Language-Based Security VT17

Latest news

• (25/5) By popular demand, the deadline for project reports has been extended to June 2.
• (11/5) Slides for the advanced web application security lecture have been updated.
• (11/5) Notes from the course evaluation meeting with student representatives are now available.
• (5/5) A list that maps group numbers to email addresses has been posted to the discussion group. Please, go ahead and exchange project report drafts with your opposing group by email before the deadline.
• (5/5) Project presentation schedule is now available (see below). Note that the presentation time is 7 minutes + 1 minute for questions. Groups listed together are each others' "opponents".
• (26/4) A new lab supervision slot is added on Apr 28, on that day we will have supervisions 10-12 in 3507 and 13-15 in 3354.
• (30/3) Registration to the OWASP Gothenburg event on Apr 6 is now open - first come, first served (link below)!
• (30/3) Slides from Sebastian Lekies' invited lecture are up.
• (28/3) To meet the increase in the number of students, we have added three new lab supervision slots: on Apr 7, 21, and 28.
• (21/3) Slides for lecture 1 have been updated.
• (10/3) The lab submission system is now online. For submission instructions, see here.
• (6/3) The student representatives for course evaluation are:

  MPALG fayaz AT student.chalmers.se IBRAHIM FAYAZ
  MPSOF gunnarg AT student.chalmers.se GUNNAR ÖRN GUNNARSSON
  GU    gusingad AT student.gu.se ADAM INGMANSSON
  MPALG ludlin AT student.chalmers.se LUDWIG LINDBERG
  GU    guskvase AT student.gu.se SEBASTIAN KVARNSTRÖM
  MPALG yagublu AT student.chalmers.se LAMIYA YAGUBLU
  

• (6/3) For the labs and the project, you need to work in groups of two. There will be an opportunity for group matching at the break of the first lecture. If you have difficulties finding a partner, please use the discussion group.
• (27/2) Course discussion group is up and running. Discussions of general questions, labs, and projects are welcome. Helping each other to find answers is encouraged, but of course without giving away solutions.
• (24/2/2017) First lecture: Monday, Mar 20.

Security specialization

This course is a part of the Chalmers and GU Security Specialization, a package of four courses in computer security.

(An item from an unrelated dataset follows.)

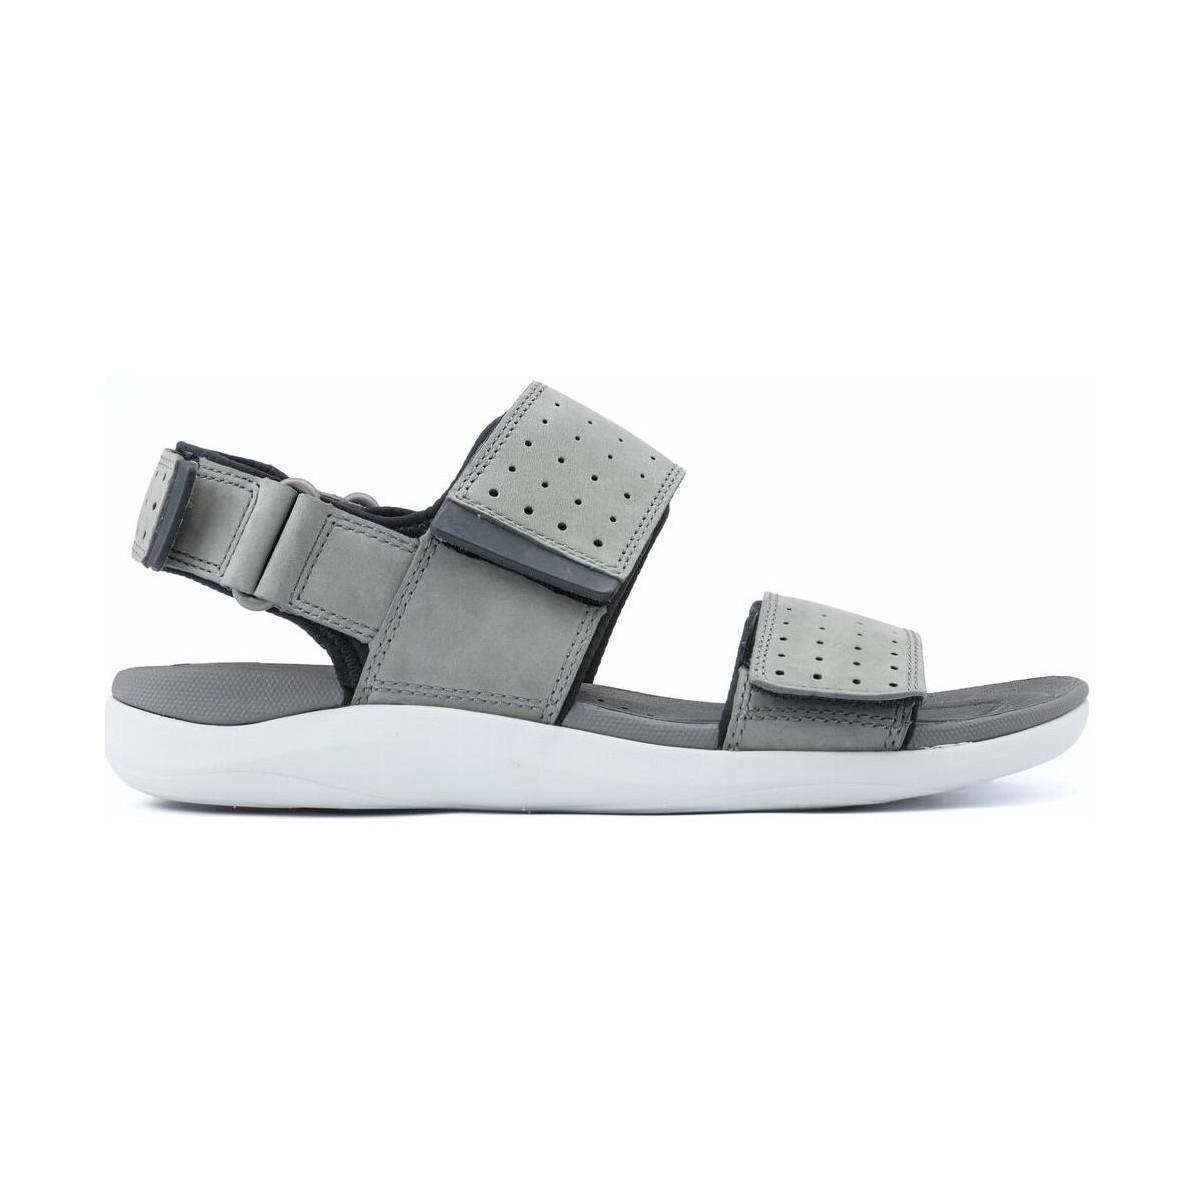 e7e49f9fb2e5 Clarks - Multicolor Garratt Active 2613 Sandals Men s Sandals In  Multicolour for Men - Lyst. View fullscreen

Why language-based security?

Traditionally, computer security has been largely enforced at the level of operating systems. However, operating-system security policies are low-level (such as access control policies, protecting particular files), while many attacks are high-level, or application-level (such as email worms that pass by access controls pretending to be executed on behalf of a mailer application). The key to defending against application-level attacks is application-level security. Because applications are typically specified and implemented in programming languages, this area is generally known as language-based security. A direct benefit of language-based security is the ability to naturally express security policies and enforcement mechanisms using the developed techniques of programming languages.

Who should study language-based security?

You should have previously studied a course in programming languages (and of course basic programming skills are assumed) and basics of computer security. It is an advantage if you have studied courses such as semantics of programming languages and compiler construction.

You should be interested in some of the following:

• Obtaining a deeper understanding of programming language-based concepts for computer security.
• The design and implementation of security mechanisms.
• Computer science research in the area of programming languages and security.

What will you learn?

After the course, you should be able to apply practical knowledge of security for modern programming languages. This includes the ability to identify application- and language-level security threats, design and argue for application- and language-level security policies, and design and argue for the security, clarity, usability, and efficiency of solutions, as well as implement such solutions in expressive programming languages. You should be able to demonstrate the critical knowledge of principles behind such application-level attacks as race conditions, buffer overruns, and code injections. You should be able to master the principles behind such language-based protection mechanisms as static security analysis, program transformation, and reference monitoring.

Content

This course combines practical and cutting-edge research material. For the practical part, the dual perspective of attack vs. protection is threaded through the lectures, laboratory assignments, and projects. For the cutting-edge research part, the course's particular emphasis is on the use of formal, or semantic, models of program behaviour for specifying and enforcing security properties.

Prerequisites

Knowledge of the material covered in the courses Programming Languages and Computer Security is recommended although not required as a prerequisite.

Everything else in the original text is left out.